In an autobiographical work titled Statistics as a Last Resort, C R Rao himself describes his entry into statistics as a chance happening. The story goes that the young Rao, brimming with excitement and armed with a BA (Mathematics) from Andhra University and looking for a job in North Africa, arrived in Kolkata for an interview in 1940. Somehow, the global job eluded him but brought him into contact with one Mr Subramanian, who was training at the Indian Statistical Institute (ISI), Calcutta. Influenced by the conversation, he joined the course. There was no looking back after that.

That accidental event began the association of Rao with ISI. Thereafter for four decades, his stellar work and growing contributions in statistics made him synonymous with ISI. His work got global recognition personally and for the institute.
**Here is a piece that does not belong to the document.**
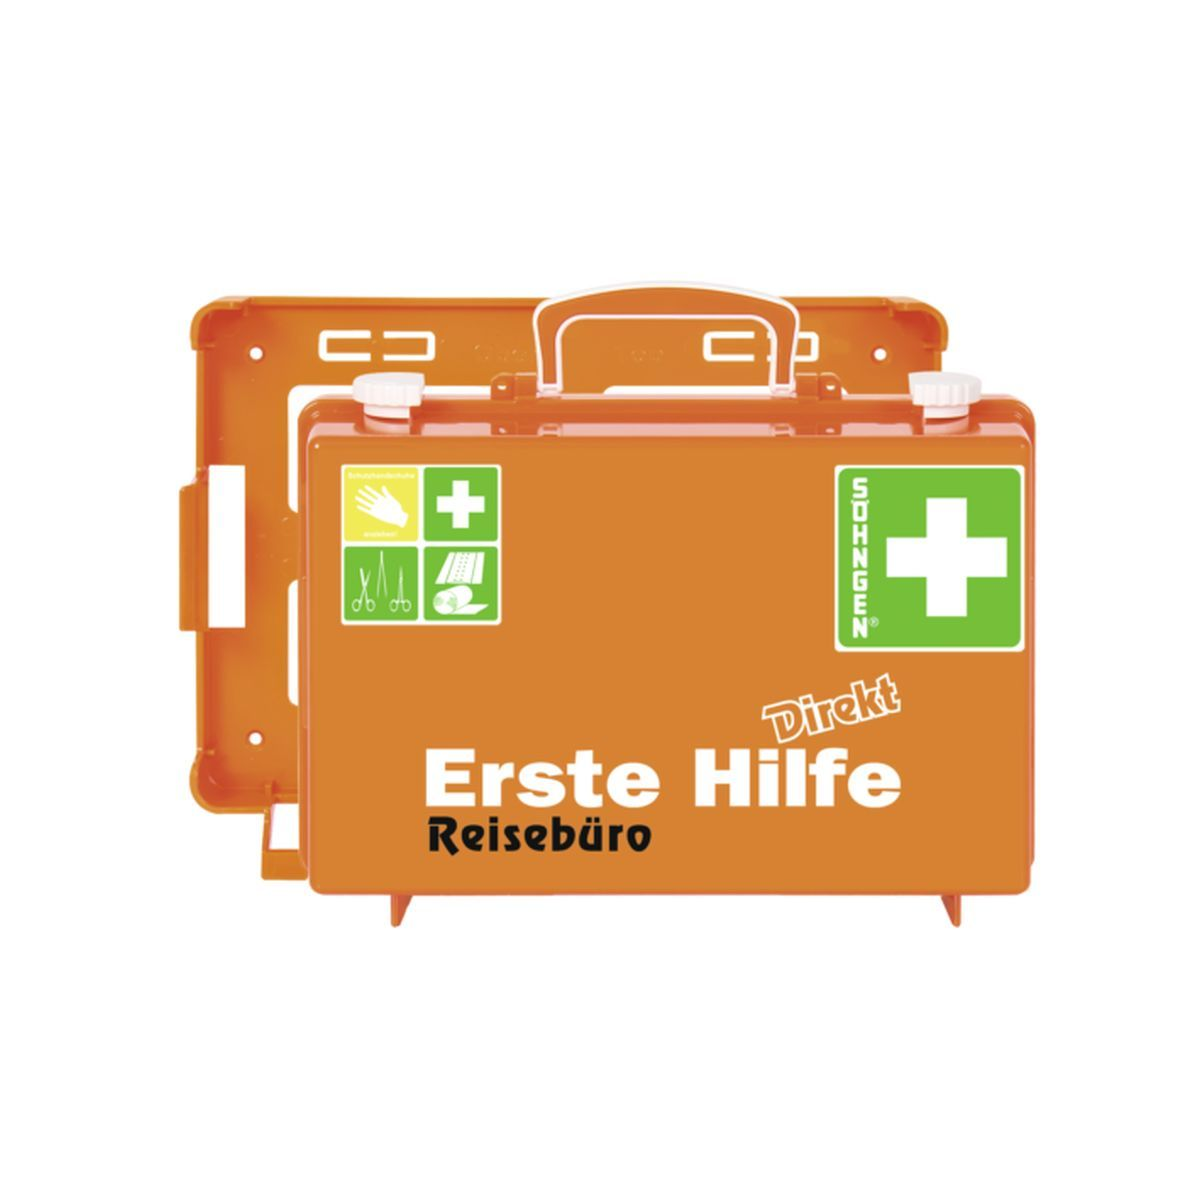 Erste Hilfe Koffer DIN 13157 DIREKT, Reisebüro

That he was a ‘bright spark’ in math was evident from his early days at school and college in Andhra Pradesh, where solving tough problems was his forte. Rao was born in Huvvina Hadagalli village in Karnataka to C Doraiswamy Naidu, a police official and Laksmikanthamma on September 10, 1920. However, his father’s transfers took him to different places in Andhra Pradesh, before settling down in Visakhapatnam.

C R Rao Institute

In 2009, Rao went to Hyderabad and with the help of fellow statisticians he worked on establishing a research institute to promote mathematics, statistics and computer science. In addition to liberally funding the venture he could obtain generous grants from the government under prime minister Manmohan Singh. The University of Hyderabad gave a few acres of land.

The C R Rao Institute is now functional and also a road has been named in honour of the great statistician. Efforts to establish a musuem named Sankhya are on.